The following is from translation
Setpasswithshader at some point to avoid the Pptr Dererf optimization method. Now he seems to always do pptr dererf, and then just call Setpass (and do a dererf again).
The material display list constantly rebuilds >1 per pixel of light. No need to store more than one list of materials
Gettexturedecodevalues is called many times (something that creates a pixel light cookie), ending a useless linear gamma conversion
The material display list is continually rebuilt due to a chain reaction of unassigned Global map properties (_cube, no assignment), and we need to find out why we fail and record when our property is lost.
What does Gpuprogramparameters::makeready do?

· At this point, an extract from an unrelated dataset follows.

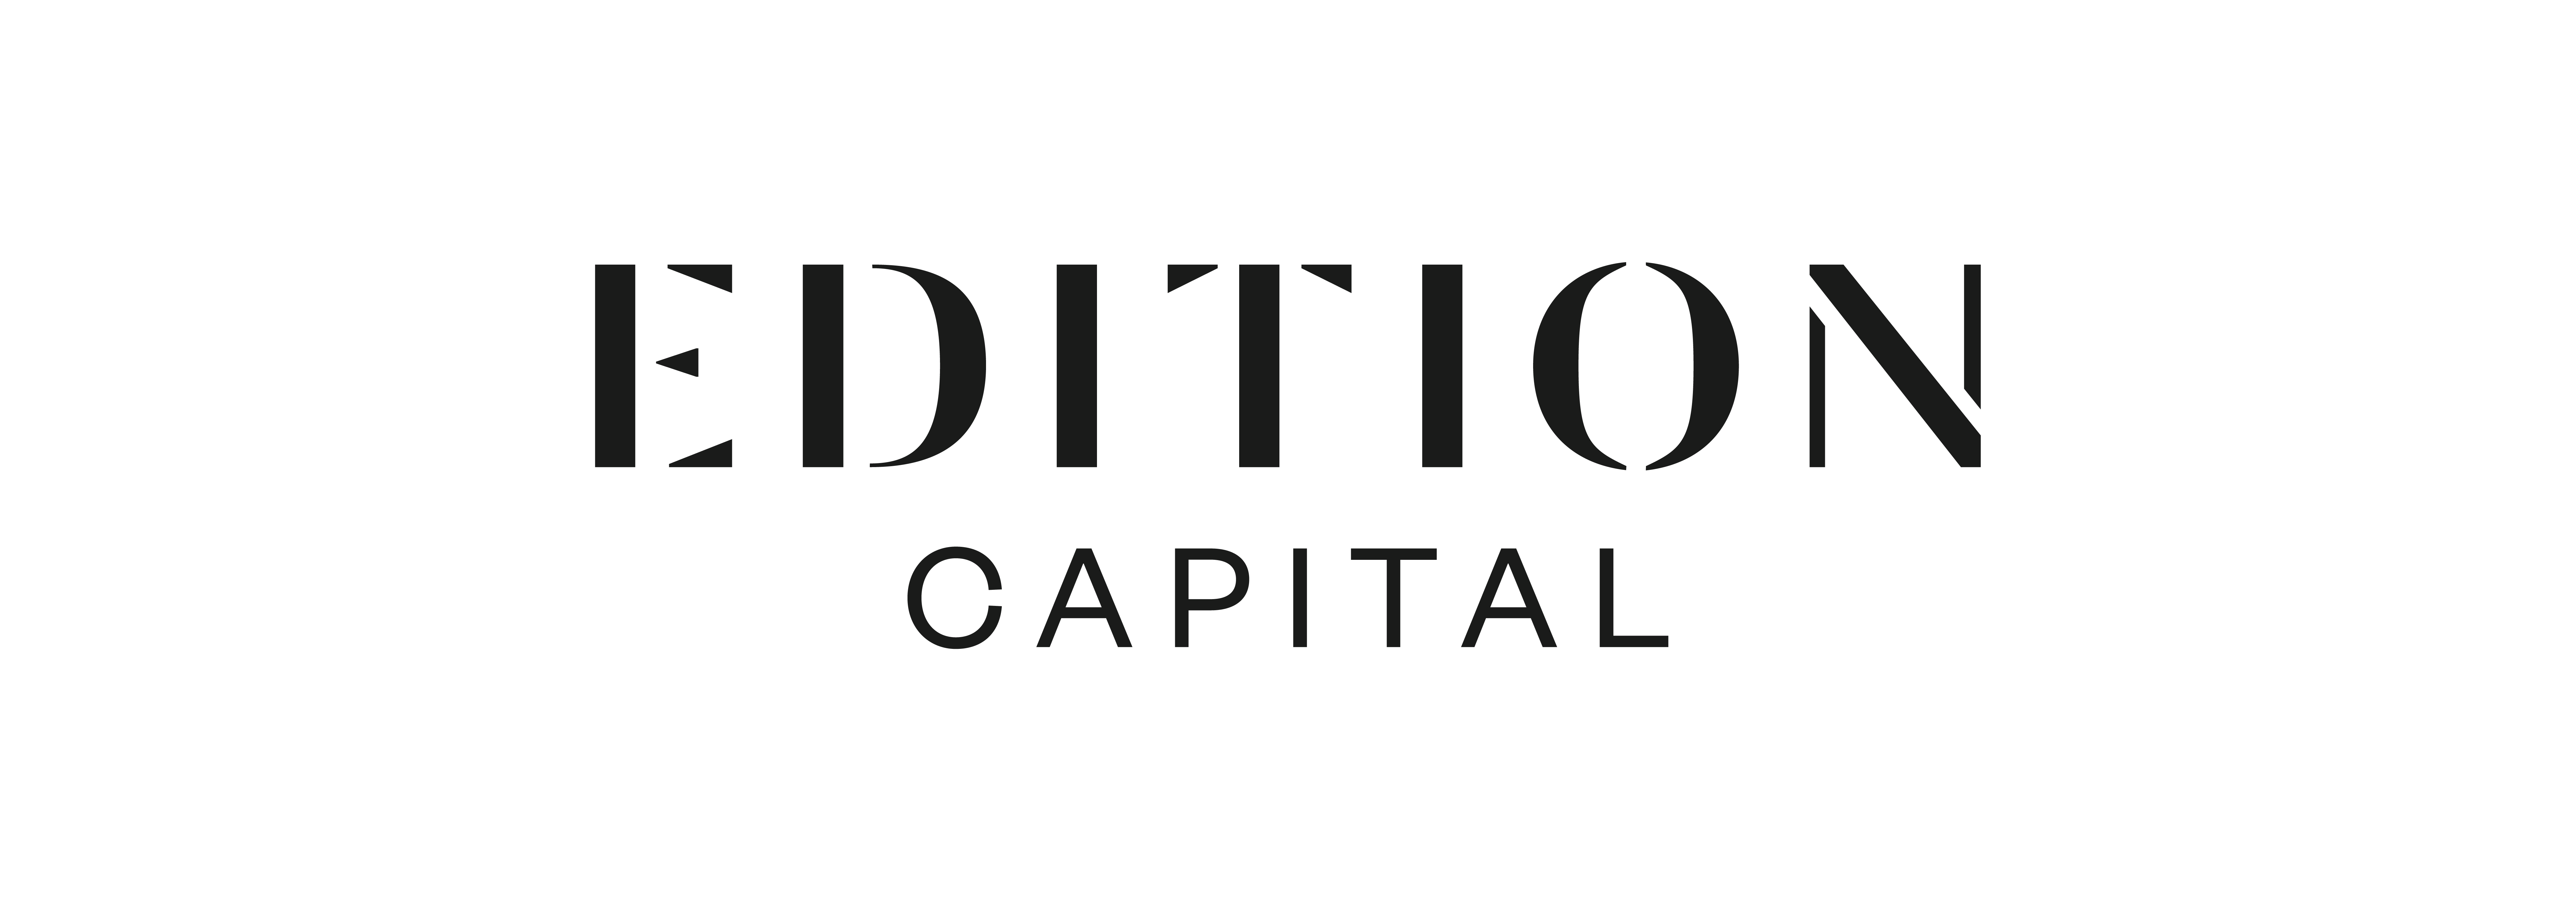 Edition Capital

Why distinguish it?
Why is STL maps used by attribute tables?
1. Use only sound & simple data layouts
2. Related Strange Things:
1. Why is texenv separated from the attribute table?
2. setrecttextureid-Why, what
3. Map pixel width/HDR Part of decoding performance is performed in the device state
4. Notifymipbiaschanged has a lot of complicated things, the original unknown
Ispasssuitable is called again and again in the render loop. Perhaps you want to create a direct pass pointer table in the render cycle?
All stickers are provided at once instead of at a certain time SetTexture
Arrange the attribute table data in memory to match the true and unchanging buffer layout. Several different key word layouts may be required
Textureid converted to Long (Mac/linux is 64 bits) is PS4 special commit 3CBD28D4D6CD
1. Looks like only the optimization on PS4, directly stores a pointer to Textureid. If you can do it anywhere, or just PS4 it into a long (intptr_t better)
Why do channelassigns and Vertexcomponent pass all the time? It doesn't seem to be useful.
The rendering cycle classification is very expensive. Open and complete it based on the hash allocation (render loop Assignment).

Some of these flaws may be caused by some reason, in which case I add comments to explain them. There might have been some reasons, but now it's gone. In both cases, the source control Log/comment feature is very helpful and asks the person who wrote the code why. Half of the list above may be because I've been writing this way for years, which means I have to remember these reasons even though they "seemed like a good idea at the time".
This is the introduction. Next time, do something about the list above!

Next article to be translated

------translated from wolf96 http://blog.csdn.net/wolf96


Unity5 optimization of internal rendering 1: Introduction

Contact Us

The content source of this page is from Internet, which doesn't represent Alibaba Cloud's opinion; products and services mentioned on that page don't have any relationship with Alibaba Cloud. If the content of the page makes you feel confusing, please write us an email, we will handle the problem within 5 days after receiving your email.

If you find any instances of plagiarism from the community, please send an email to: info-contact@alibabacloud.com and provide relevant evidence. A staff member will contact you within 5 working days.

A Free Trial That Lets You Build Big!

Start building with 50+ products and up to 12 months usage for Elastic Compute Service

  • Sales Support

    1 on 1 presale consultation

  • After-Sales Support

    24/7 Technical Support 6 Free Tickets per Quarter Faster Response

  • Alibaba Cloud offers highly flexible support services tailored to meet your exact needs.